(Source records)
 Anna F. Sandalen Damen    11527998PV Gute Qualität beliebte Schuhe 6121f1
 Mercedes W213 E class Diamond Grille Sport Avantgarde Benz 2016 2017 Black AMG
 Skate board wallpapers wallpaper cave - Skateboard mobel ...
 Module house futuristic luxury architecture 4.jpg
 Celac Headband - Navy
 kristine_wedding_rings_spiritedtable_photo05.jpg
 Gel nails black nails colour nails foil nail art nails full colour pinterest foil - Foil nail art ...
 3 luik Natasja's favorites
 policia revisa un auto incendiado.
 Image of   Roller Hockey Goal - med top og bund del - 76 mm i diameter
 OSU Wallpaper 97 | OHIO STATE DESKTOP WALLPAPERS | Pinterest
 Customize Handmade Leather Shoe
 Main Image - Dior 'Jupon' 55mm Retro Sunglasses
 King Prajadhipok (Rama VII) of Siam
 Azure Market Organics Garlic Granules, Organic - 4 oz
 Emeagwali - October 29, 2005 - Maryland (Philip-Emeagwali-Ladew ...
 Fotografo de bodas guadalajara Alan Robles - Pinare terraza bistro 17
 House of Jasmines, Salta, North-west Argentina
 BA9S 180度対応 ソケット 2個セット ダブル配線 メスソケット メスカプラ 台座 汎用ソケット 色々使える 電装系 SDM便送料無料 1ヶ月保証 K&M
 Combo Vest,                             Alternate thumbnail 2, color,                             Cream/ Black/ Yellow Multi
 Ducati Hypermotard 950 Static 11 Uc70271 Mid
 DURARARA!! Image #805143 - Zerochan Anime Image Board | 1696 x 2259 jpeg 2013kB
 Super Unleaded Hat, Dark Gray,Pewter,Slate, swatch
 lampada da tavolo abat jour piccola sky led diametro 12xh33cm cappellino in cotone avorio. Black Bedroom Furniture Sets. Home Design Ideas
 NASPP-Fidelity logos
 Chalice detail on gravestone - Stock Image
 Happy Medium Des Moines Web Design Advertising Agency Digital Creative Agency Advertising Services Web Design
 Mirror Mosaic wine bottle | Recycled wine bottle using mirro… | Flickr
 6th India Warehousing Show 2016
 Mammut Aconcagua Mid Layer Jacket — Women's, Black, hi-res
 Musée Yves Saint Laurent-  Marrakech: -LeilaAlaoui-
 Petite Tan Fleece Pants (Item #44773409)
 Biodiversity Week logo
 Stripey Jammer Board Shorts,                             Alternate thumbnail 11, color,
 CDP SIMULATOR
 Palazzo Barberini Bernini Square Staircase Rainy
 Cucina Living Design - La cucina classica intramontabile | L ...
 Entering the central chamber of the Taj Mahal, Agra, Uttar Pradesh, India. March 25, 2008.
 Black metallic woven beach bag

- **Task instructions**:
Transcribe all of the data exactly, leaving no line out.

- **Task output**:
 Anna F. Sandalen Damen    11527998PV Gute Qualität beliebte Schuhe 6121f1
 Mercedes W213 E class Diamond Grille Sport Avantgarde Benz 2016 2017 Black AMG
 Skate board wallpapers wallpaper cave - Skateboard mobel ...
 Module house futuristic luxury architecture 4.jpg
 Celac Headband - Navy
 kristine_wedding_rings_spiritedtable_photo05.jpg
 Gel nails black nails colour nails foil nail art nails full colour pinterest foil - Foil nail art ...
 3 luik Natasja's favorites
 policia revisa un auto incendiado.
 Image of   Roller Hockey Goal - med top og bund del - 76 mm i diameter
 OSU Wallpaper 97 | OHIO STATE DESKTOP WALLPAPERS | Pinterest
 Customize Handmade Leather Shoe
 Main Image - Dior 'Jupon' 55mm Retro Sunglasses
 King Prajadhipok (Rama VII) of Siam
 Azure Market Organics Garlic Granules, Organic - 4 oz
 Emeagwali - October 29, 2005 - Maryland (Philip-Emeagwali-Ladew ...
 Fotografo de bodas guadalajara Alan Robles - Pinare terraza bistro 17
 House of Jasmines, Salta, North-west Argentina
 BA9S 180度対応 ソケット 2個セット ダブル配線 メスソケット メスカプラ 台座 汎用ソケット 色々使える 電装系 SDM便送料無料 1ヶ月保証 K&M
 Combo Vest,                             Alternate thumbnail 2, color,                             Cream/ Black/ Yellow Multi
 Ducati Hypermotard 950 Static 11 Uc70271 Mid
 DURARARA!! Image #805143 - Zerochan Anime Image Board | 1696 x 2259 jpeg 2013kB
 Super Unleaded Hat, Dark Gray,Pewter,Slate, swatch
 lampada da tavolo abat jour piccola sky led diametro 12xh33cm cappellino in cotone avorio. Black Bedroom Furniture Sets. Home Design Ideas
 NASPP-Fidelity logos
 Chalice detail on gravestone - Stock Image
 Happy Medium Des Moines Web Design Advertising Agency Digital Creative Agency Advertising Services Web Design
 Mirror Mosaic wine bottle | Recycled wine bottle using mirro… | Flickr
 6th India Warehousing Show 2016
 Mammut Aconcagua Mid Layer Jacket — Women's, Black, hi-res
 Musée Yves Saint Laurent-  Marrakech: -LeilaAlaoui-
 Petite Tan Fleece Pants (Item #44773409)
 Biodiversity Week logo
 Stripey Jammer Board Shorts,                             Alternate thumbnail 11, color,
 CDP SIMULATOR
 Palazzo Barberini Bernini Square Staircase Rainy
 Cucina Living Design - La cucina classica intramontabile | L ...
 Entering the central chamber of the Taj Mahal, Agra, Uttar Pradesh, India. March 25, 2008.
 Black metallic woven beach bag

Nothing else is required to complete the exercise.